03:39 skeggsb: =/win 22
09:52 karolherbst: pmoreau: do we actually need the code to invoke llvm-spirv ourself in clover, when we have a toolchain inside LLVM/clang doing the work for us?
09:57 pmoreau: karolherbst: I have no idea about that.
09:58 karolherbst: yeah, I think it is mainly for the clang CLI tool, otherwise it would need to generate temporary files/pipe it into the llvm-spirv process and fetch the result from there somehow
09:59 pmoreau: Yeah :-/
11:08 karolherbst: pmoreau: :D guess what
11:09 karolherbst: Physical32: %__spirv_BuiltInGlobalInvocationId = OpVariable %_ptr_Input_v3uint Input
11:09 karolherbst: Physical64: %__spirv_BuiltInGlobalInvocationId = OpVariable %_ptr_Input_v3ulong Input
11:10 karolherbst: ohhh
11:10 karolherbst: it makes sense
11:10 karolherbst: get_global_id returns size_t
12:15 karolherbst: pendingchaos: after you are done with the conservative rasterization stuff, maybe you could look into GL_ARB_transform_feedback_overflow_query support for nouveau? The core and gallium support already landed for that, because it is already implemented for AMD. So only the reverse engineering bits and implementation for nouveau are left here.
12:15 karolherbst: and this extension is required for 4.6
12:16 karolherbst: imirkin_: or did you already look into that?
12:22 pmoreau: karolherbst: Ah right, I had forgotten that, that size_t has different sizes. :-D
12:30 RSpliet: pmoreau: the same is true for the pointer types (uintptr_t, intptr_t, ptrdiff_t)
12:30 pmoreau: Which makes sense
12:32 RSpliet: I've found OpenCL makes a surprisingly large amount of sense in general :-D
12:32 pmoreau: What a pity :-/
12:34 pmoreau: Depending how the Vulkan ray tracing will be, I’ll most likely drop CUDA + OptiX + OpenGL for Vulkan.
12:45 RSpliet: "drop"?
12:46 pmoreau: In my research projects
12:49 pmoreau: RSpliet: I don’t have a secret implementation of CUDA and OptiX on top of Nouveau, if that is what you were wondering about. :-D
12:50 RSpliet: Hahaha, well, the secret CUDA implementation is not that secret really, that's just shenpei's hack :-P
12:51 pmoreau: I don’ŧ remember much about that one.
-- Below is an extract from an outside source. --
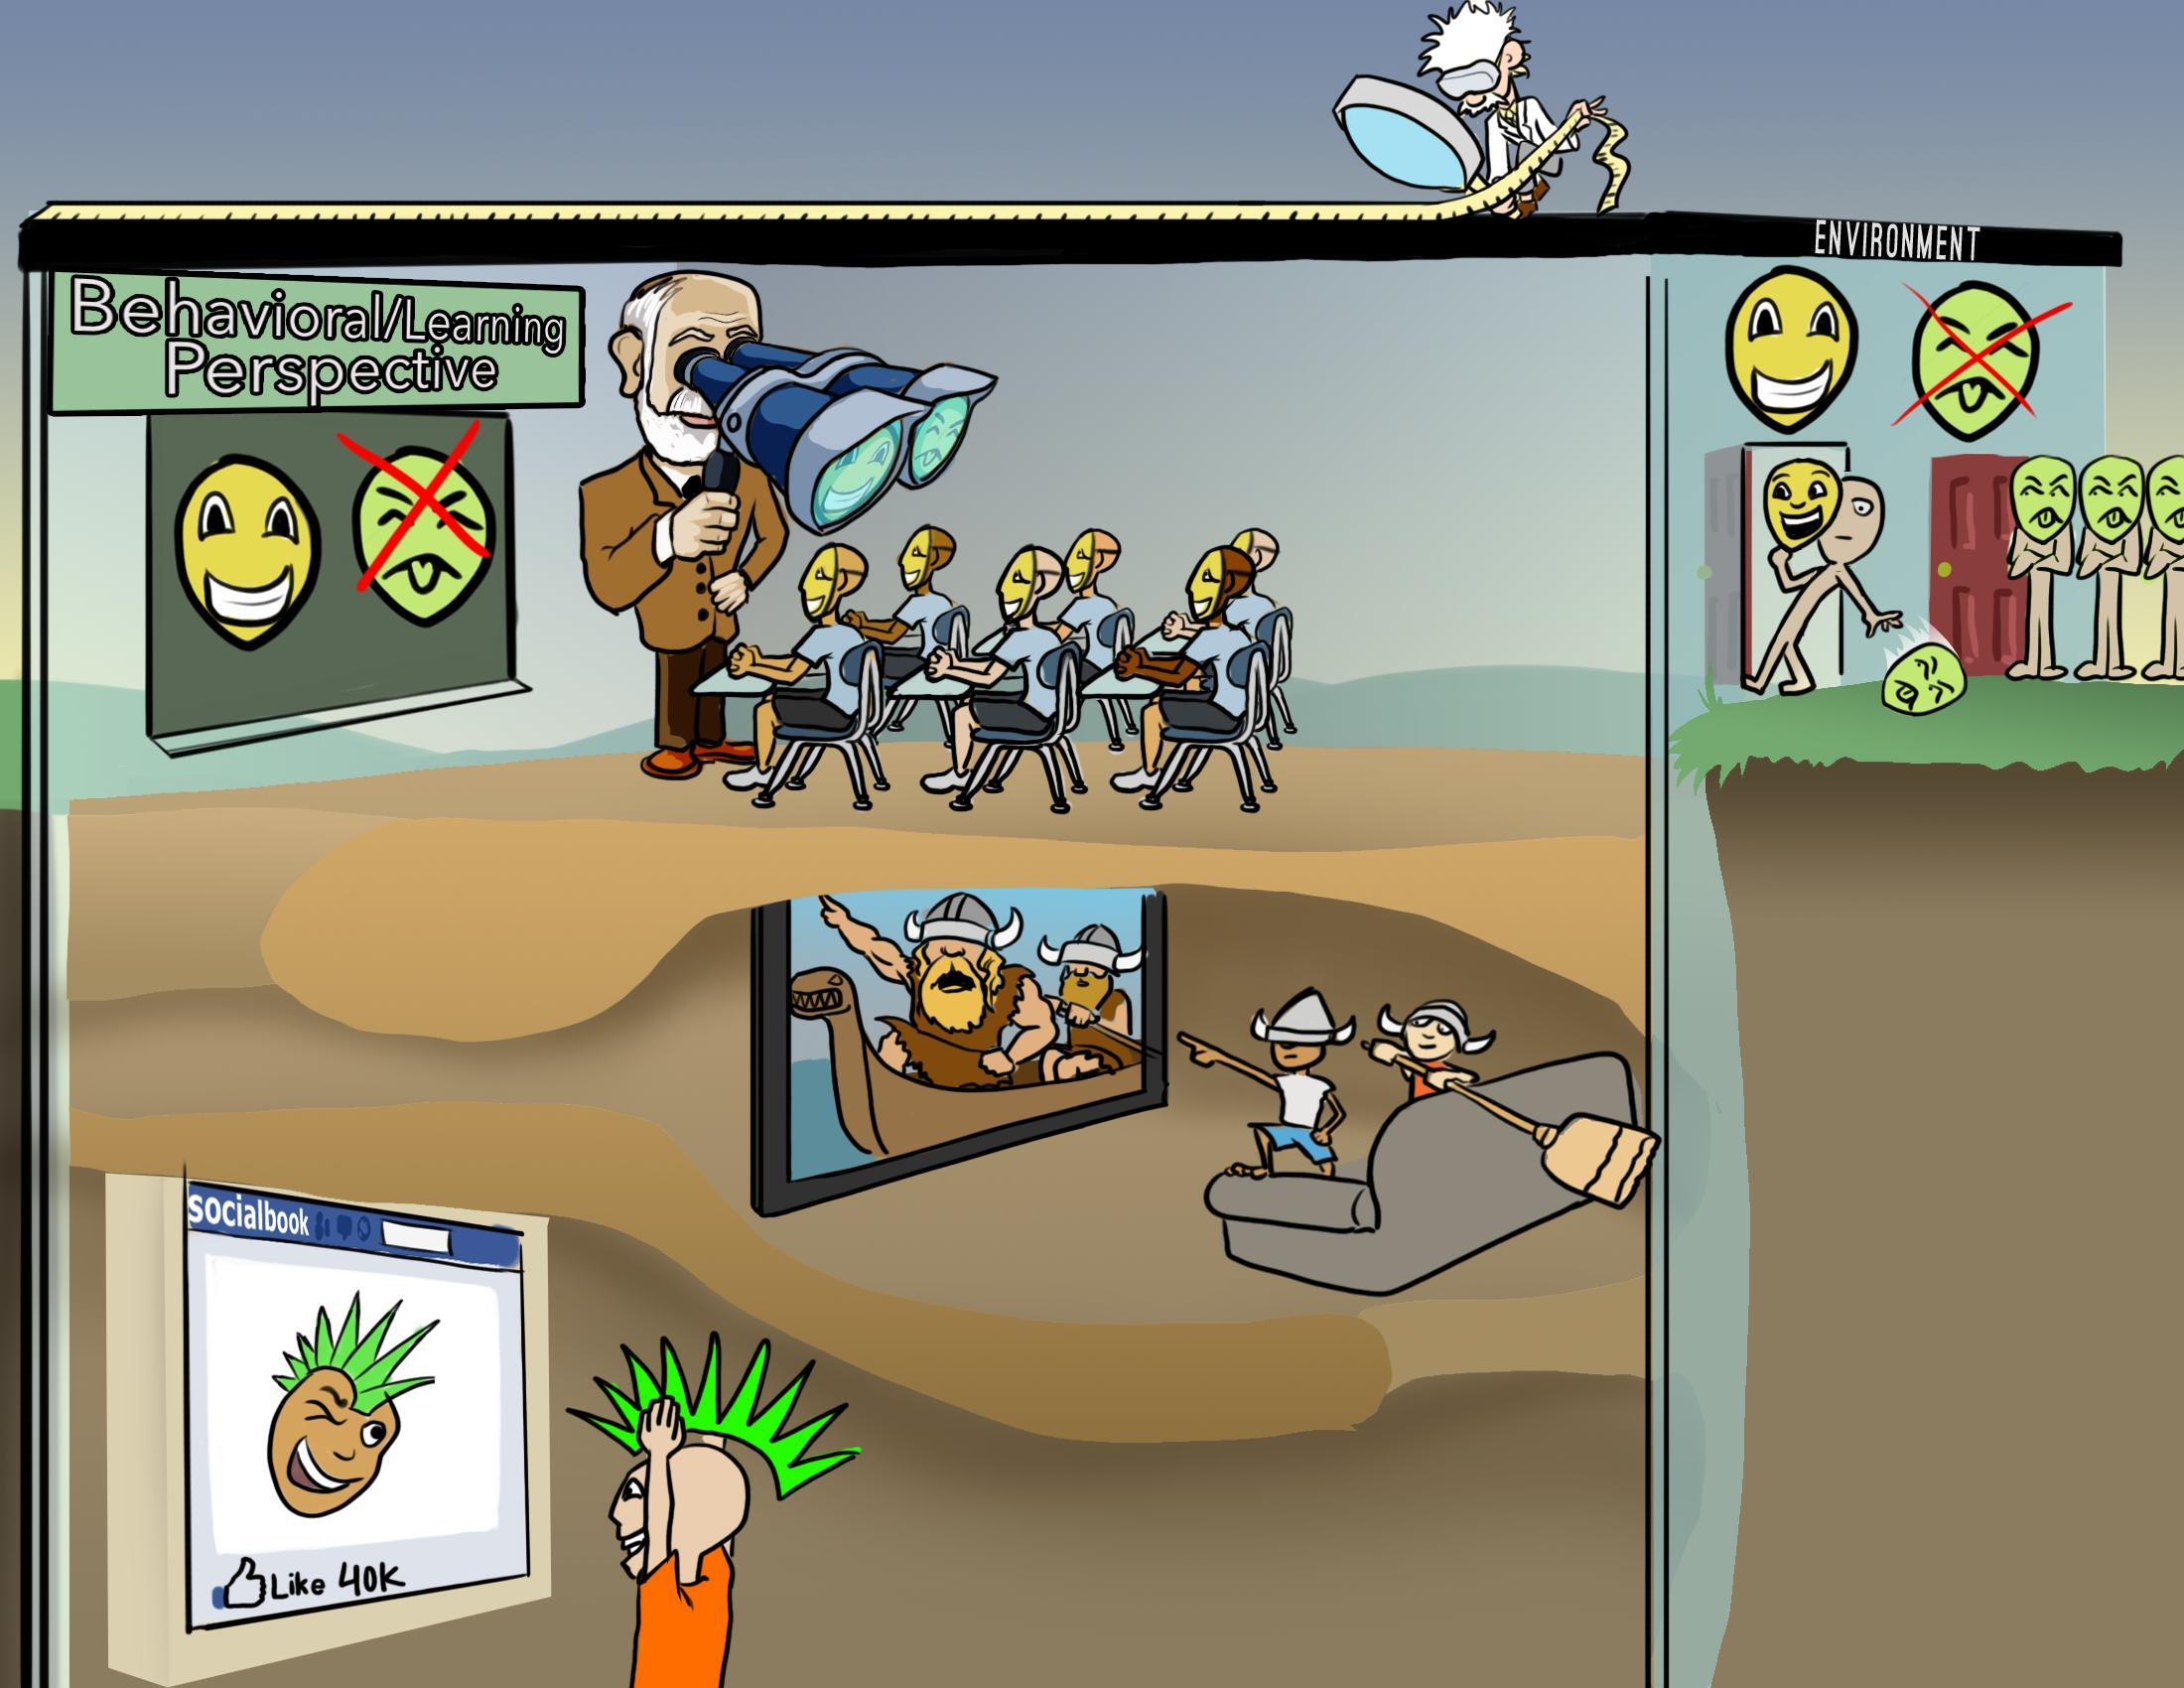 Behavioral/Learning Perspective of Human Behavior

13:05 RSpliet: pmoreau: https://github.com/shinpei0208/gdev
13:07 RSpliet: Beware, code is as stale as a US congressman
13:07 karolherbst: does it even work
13:07 pmoreau: Oh, the name gdev rings a bell
13:08 karolherbst: and it is proprietary
13:08 RSpliet: karolherbst: it used to work.
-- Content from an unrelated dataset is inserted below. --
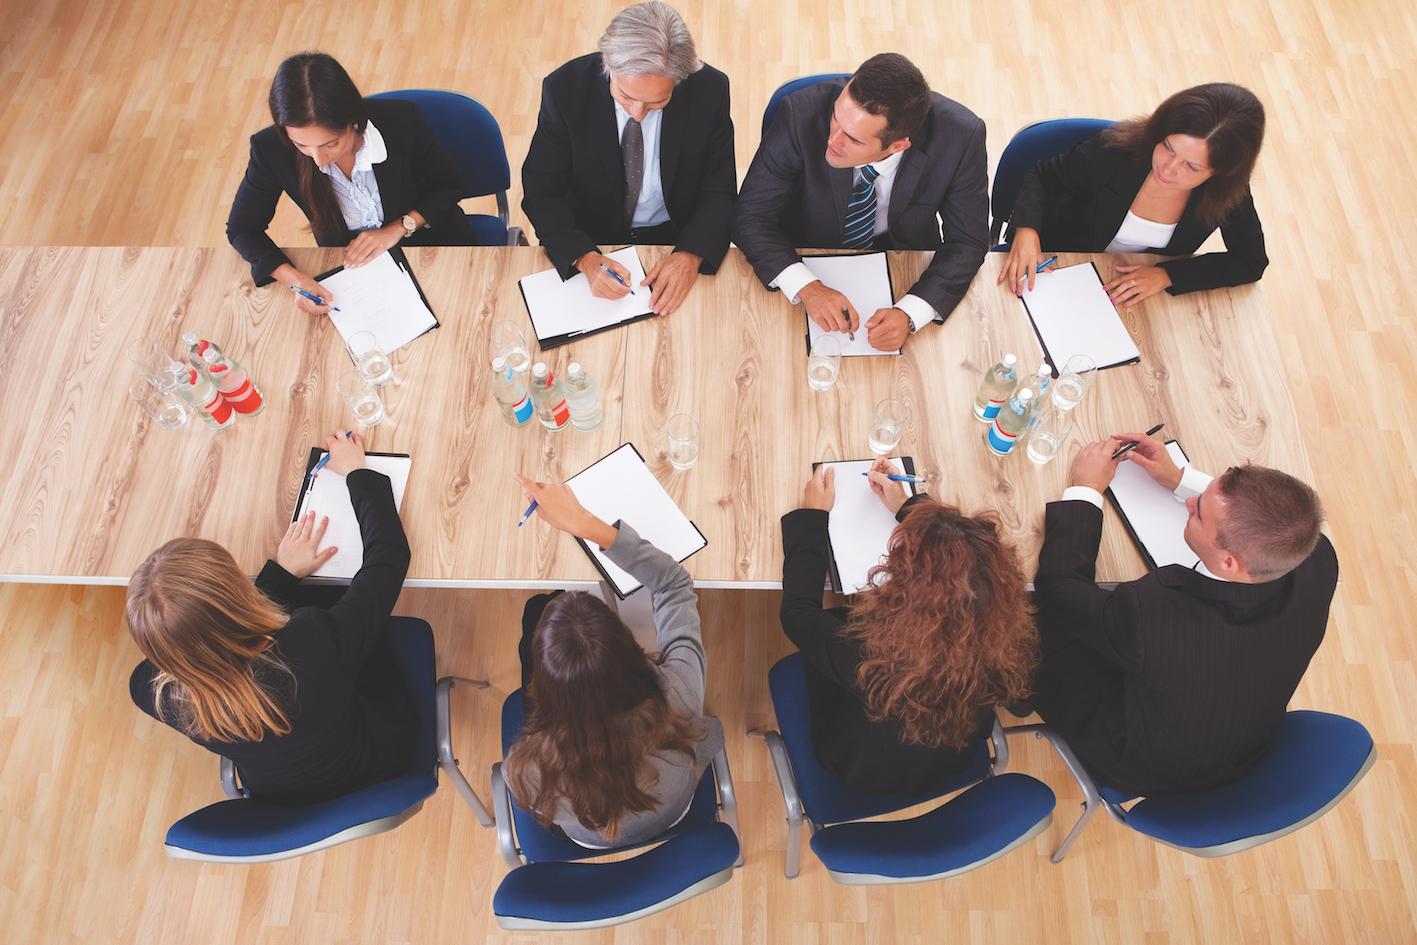 Herr Business people in a meeting

13:08 karolherbst: so -> no interest in gdev
13:08 karolherbst: yeah, well, I changed my mind about if I care if it works or not, it is proprietary
13:08 RSpliet: Also, it's MIT licensed
13:09 karolherbst: the License states something else
13:09 karolherbst: at least in the readme
13:09 karolherbst: so what counts now?
13:09 RSpliet: https://github.com/shinpei0208/gdev/blob/master/LICENSE.txt ?
13:09 karolherbst: allthough it says "Lincese" in the readme
13:09 karolherbst: which is License
13:09 karolherbst: ...
13:10 karolherbst: RSpliet: nah.. I don't work with projects who don't have their license situation figured out
13:10 RSpliet: The readme says something else you mean, but I think it's pretty clear the intention is for it to be MIT licensed
13:10 karolherbst: stating two different license things is kind of messy situation
13:10 RSpliet: shinpei's a friend of the community though, used to hang out here a lot. You might recognise some of the other contributors as well ;-)
13:10 karolherbst: RSpliet: so? it isn't legally clear what's valid here, which may or may not cause issues
13:11 imirkin: karolherbst: i already suggested he glance at the overflow query thing :)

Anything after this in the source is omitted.